CLBP is a global aging and public health problem. The global 1-year prevalence of CLBP in older adults is 13–50% (99, 100). The medical burden associated with CLBP is high, not only due to direct costs (medical appointments, tests, medications, and hospitalizations) but also due to loss of work productivity (101, 102). Exercise therapy can relieve pain and improve dysfunction in CLBP. Nevertheless, there are many types of exercise therapy, and it needs to be clarified which exercise is the best training method.

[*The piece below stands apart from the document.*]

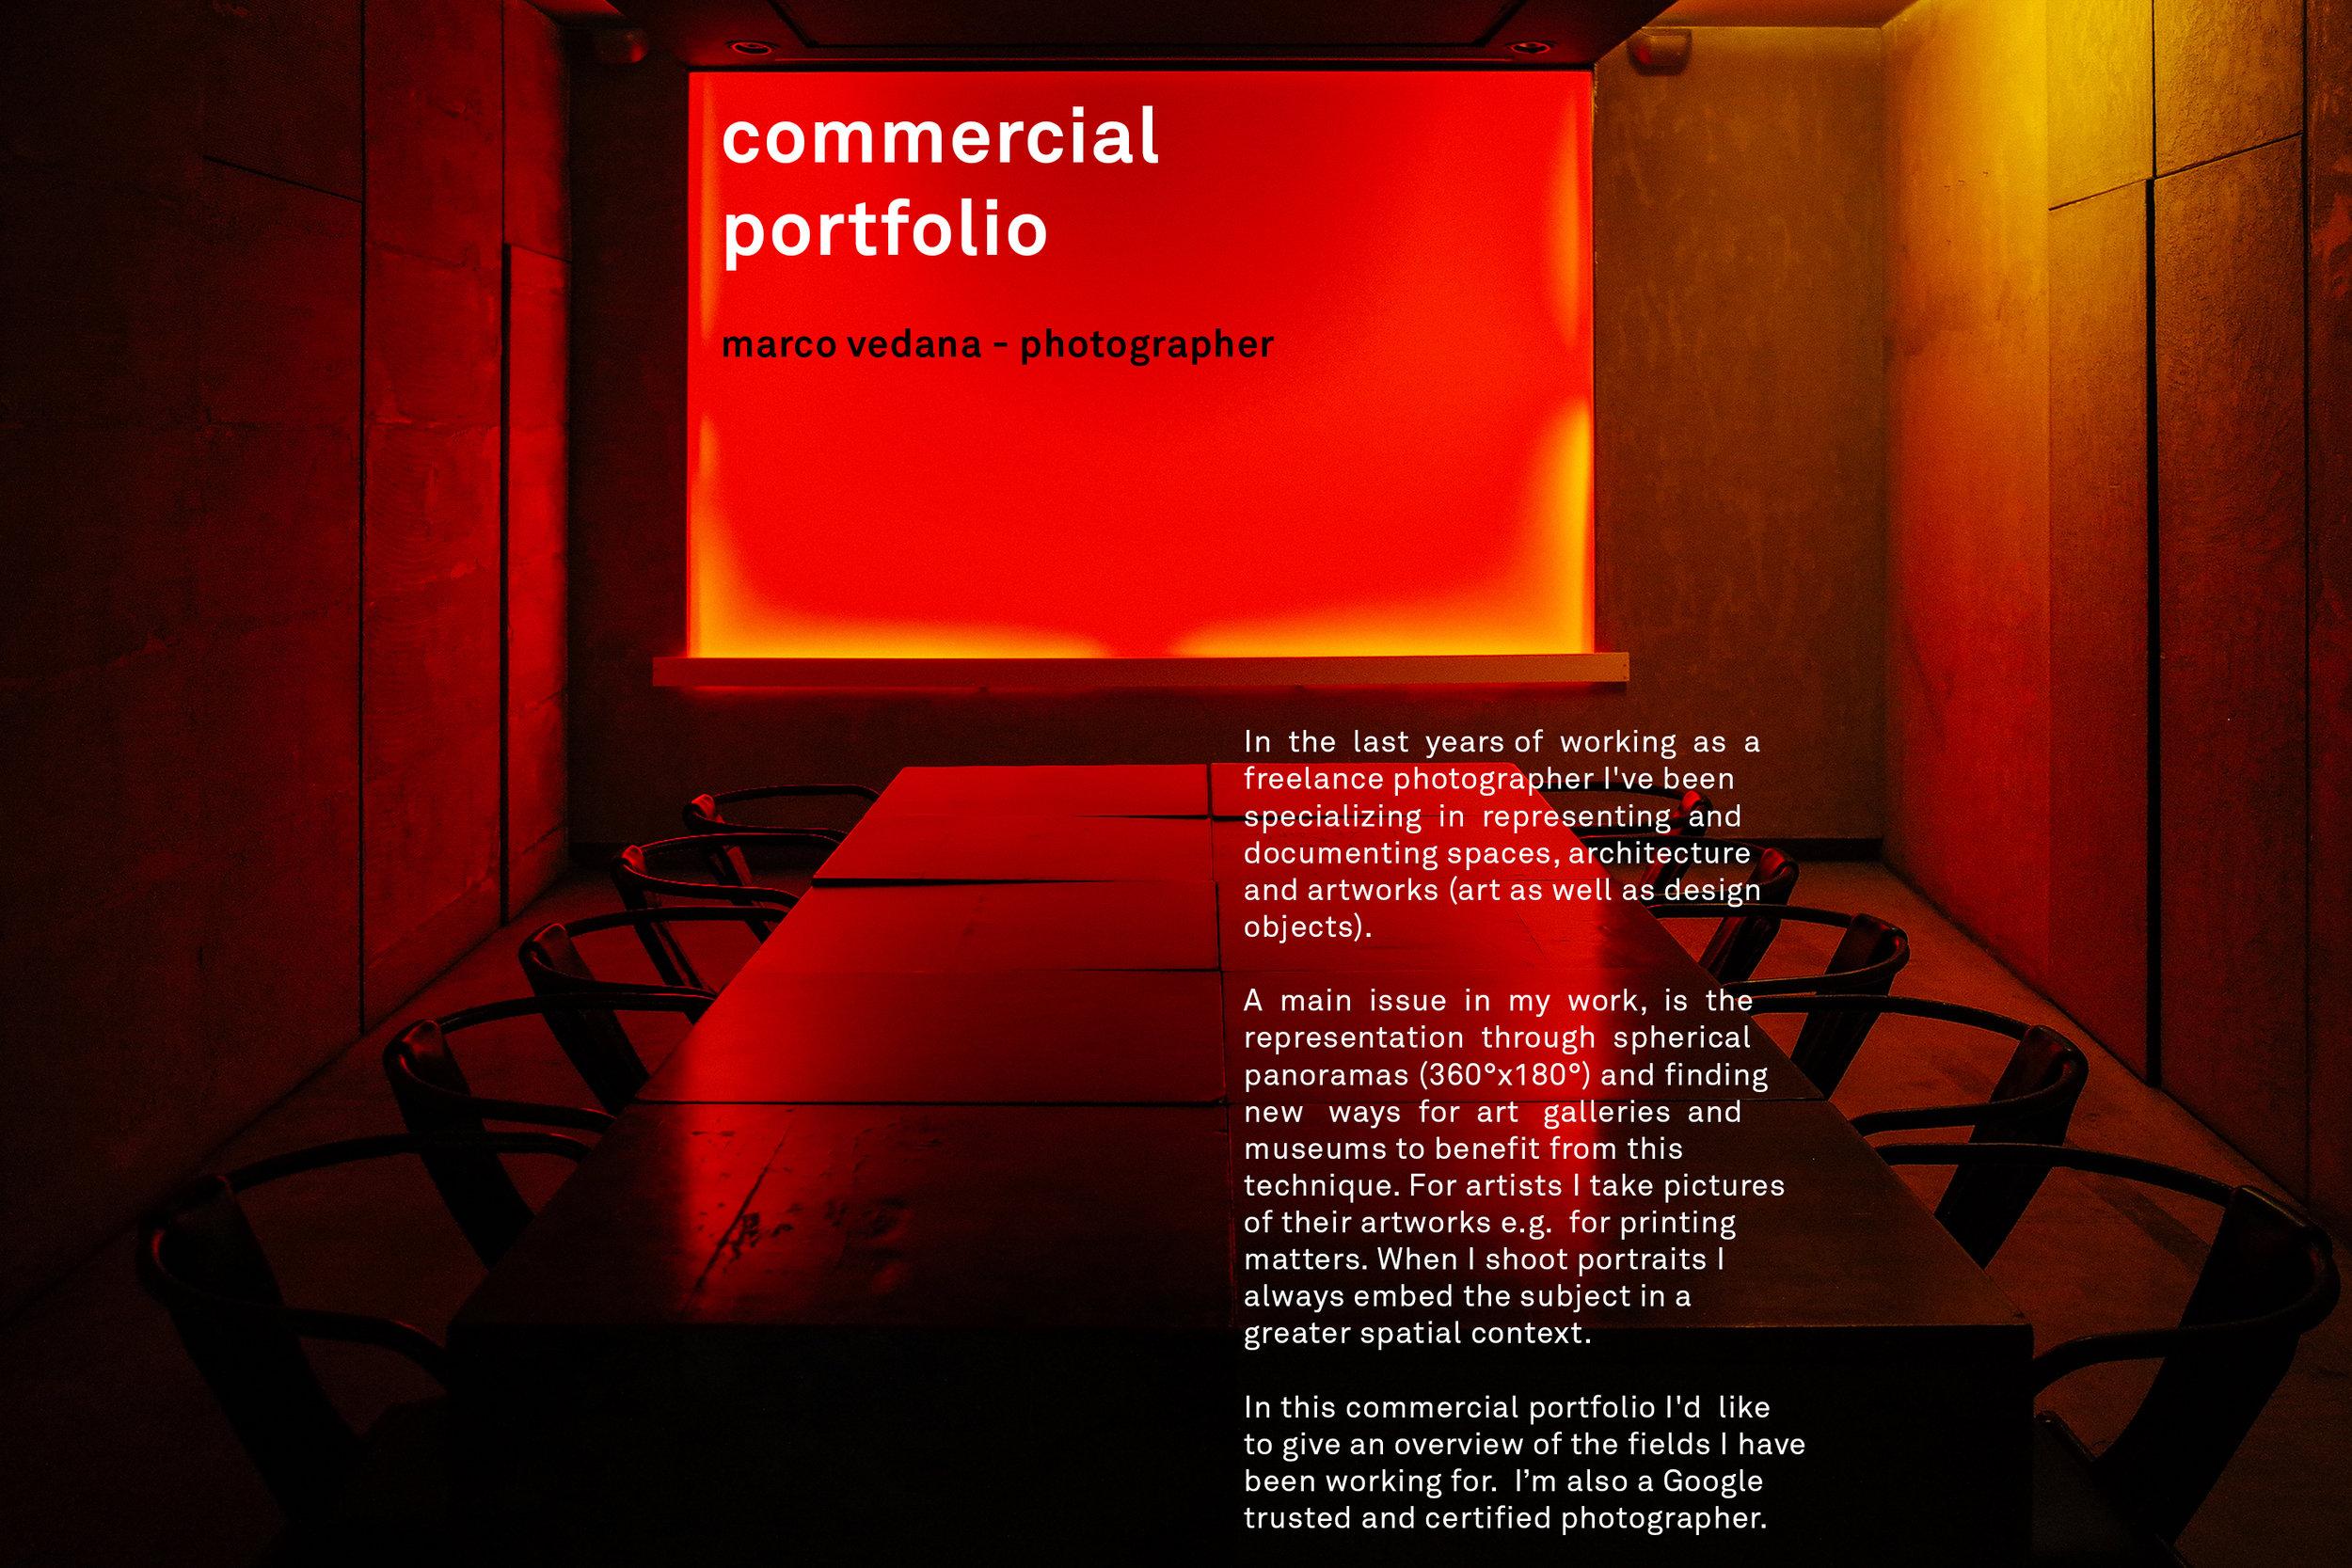 commercial_portfolio_marco_vedana.jpg

In this study, we assessed the relative effects of 20 different interventions on pain and physical function in patients with CLBP. Regression analyses showed no correlation between patient age and patients’ pain scores and physical functioning scores. In addition, regression analyses also showed no correlation between patients’ gender and patients’ pain scores and physical function scores. Tai chi, yoga, Pilates exercise, sling exercise, motor control exercise, core or stabilization exercises, multimodal exercise, and McKenzie exercise are more beneficial for pain relief than conventional rehabilitation, and no intervention is provided. Water-based physical activity, home exercise, manual treatment, muscle training, stretching exercise, education, other exercise, and aerobic exercise are more useful for pain relief than no intervention provided. Yoga and core or stabilization exercises showed better physical function improvement than conventional rehabilitation, and no intervention was provided. Sling exercise, Pilates exercise, and motor control exercise, other exercises, showed better physical function improvement than no intervention provided.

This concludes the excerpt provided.